December 10, 2014

Bernstein Gallery to Feature Digital Collages by A.E. Johnson

AND GAZELLES? AND GAZELLES: Titled in the manner of a “call and response,” this 2008 4.3 by 14.5 inch digital print on archival paper, image is one of a series that will feature in “Call and Response,” an exhibition of digital collages by Andrew Ellis Johnson opening at the Bernstein Gallery Saturday, December 13. The show runs through January 29 and there will be a public reception for the artist on Friday, December 19, from 5:30 to 7:30 p.m. The Bernstein Gallery is located in Princeton University’s Woodrow Wilson School.(Image Courtesy of the Bernstein Gallery)
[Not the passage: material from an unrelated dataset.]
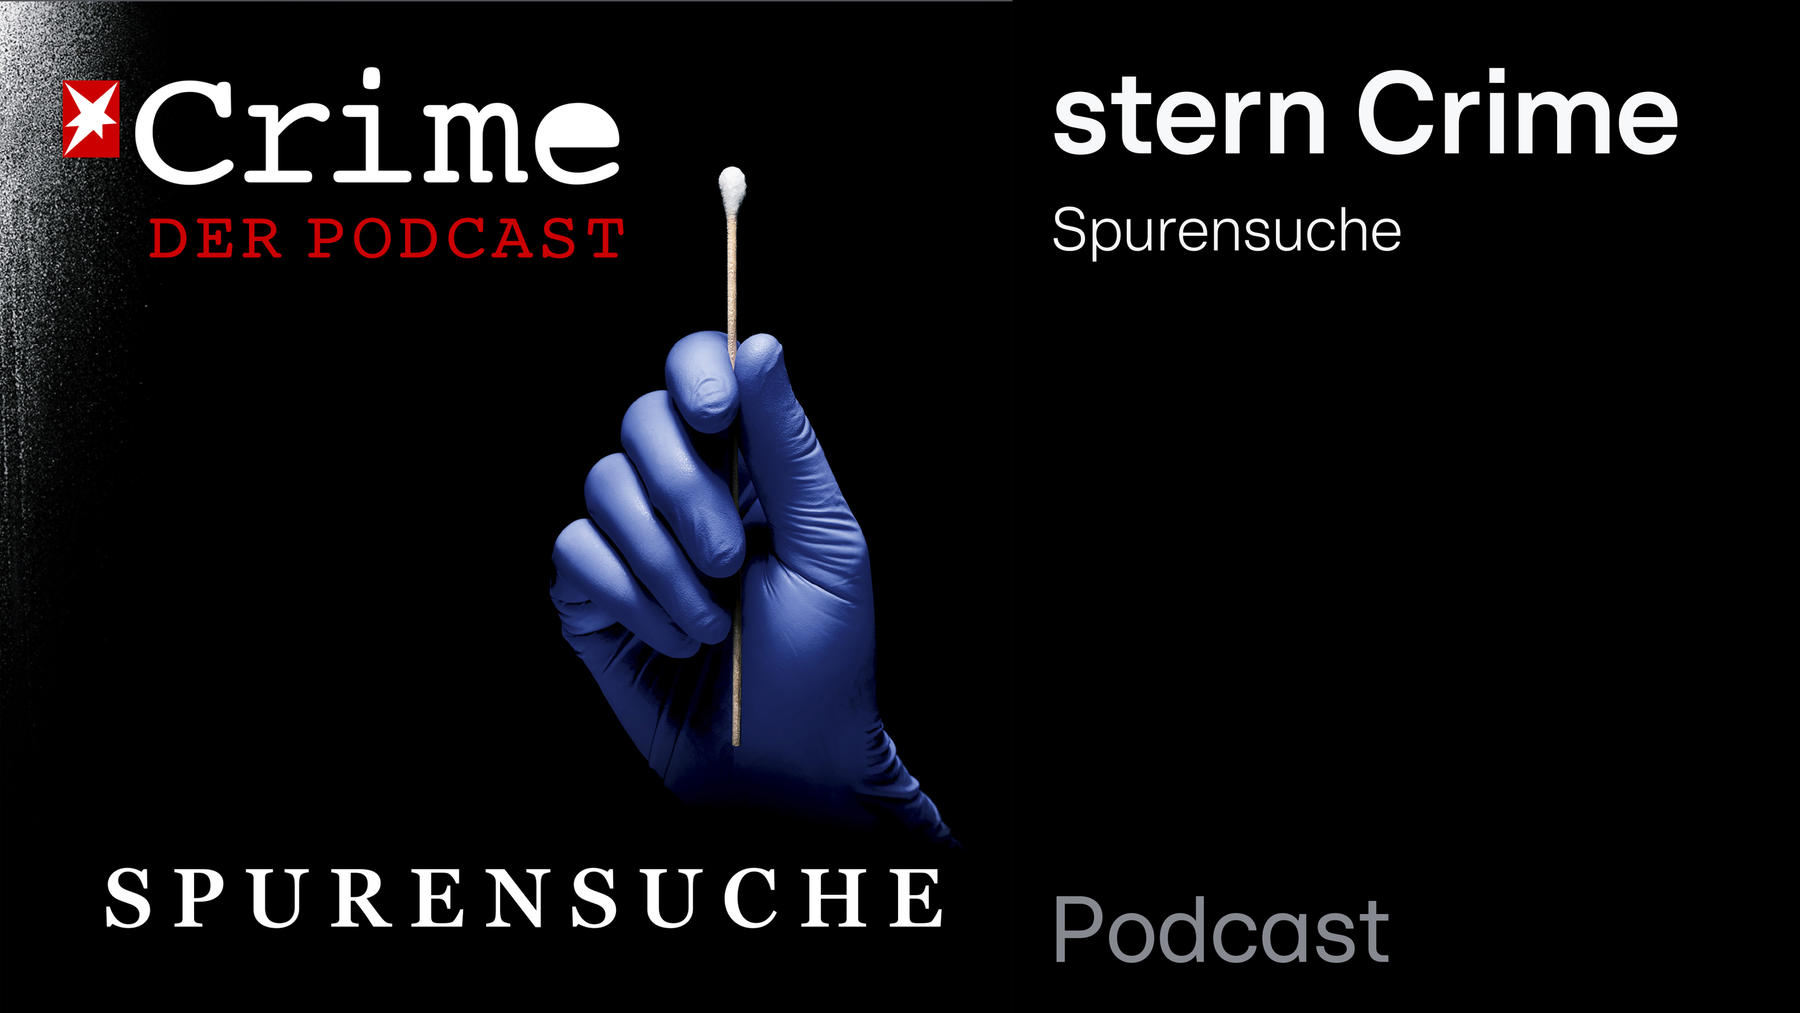 Podcast: Stern Crime

AND GAZELLES? AND GAZELLES: Titled in the manner of a “call and response,” this 2008 4.3 by 14.5 inch digital print on archival paper, image is one of a series that will feature in “Call and Response,” an exhibition of digital collages by Andrew Ellis Johnson opening at the Bernstein Gallery Saturday, December 13. The show runs through January 29 and there will be a public reception for the artist on Friday, December 19, from 5:30 to 7:30 p.m. The Bernstein Gallery is located in Princeton University’s Woodrow Wilson School. (Image Courtesy of the Bernstein Gallery)

“Call and Response,” an exhibition of digital collages by Andrew Ellis Johnson opens at the Bernstein Gallery on Saturday, December 13 and runs through January 29. There will be a public reception for the artist on Friday, December 19, from 5:30 to 7:30 p.m.

“Call and Response” presents two series of digital collages by Mr. Johnson. One series is in the scale and language of miniature painting, and the other of storefront advertisements. Each portrays the breakdown of communication, the rupture of cultural continuity, the inaccessibility of both shared and remote experience, despite (or due to) technological advances.

The title of the series “And Gazelles? And Gazelles,” is itself a call and response. As such, it emphasizes connection between parties, and direct causal relationships between events. It evokes the 1970 Art Worker Coalition’s My Lai massacre poster entitled “Q. And Babies? A. And Babies.” While this cycle’s images are more topical and allegorical, featuring attack helicopters in the Middle East and the quick and elegant animals for which they are named, their call is no less clarion.

“Airborne” visualizes call and response in the language of glossy cell phone advertisements, emphasizing communication by visualizing its lack through the muzzling motif of masks. Dust masks, common in Seoul and other cities, are social shells that conceal and reveal collective contamination and individual sacrifice. Indicative of social challenge when worn by protesters, personal vulnerability or pandemic infection when worn by the sick (as in the case of Avian Flu or Ebola), the mask is permeated by fear floating freely between peoples, countries, and continents.

Since 2004, Andrew Ellis Johnson has been an associate professor at Carnegie Mellon School of Art. Some past exhibition topics include: the Haitian grass roots movement; homelessness; predatory economics; hemispheric hegemonies; unabated sowing of land mines; crises in the Middle East; cultural eclipses; and meditations on labor and myth.

Venues for Mr. Johnson’s work have included museums, galleries, electronic arts and video festivals, public collaborations, conferences, books and journals in North and South America, Europe, Asia, and the Middle East.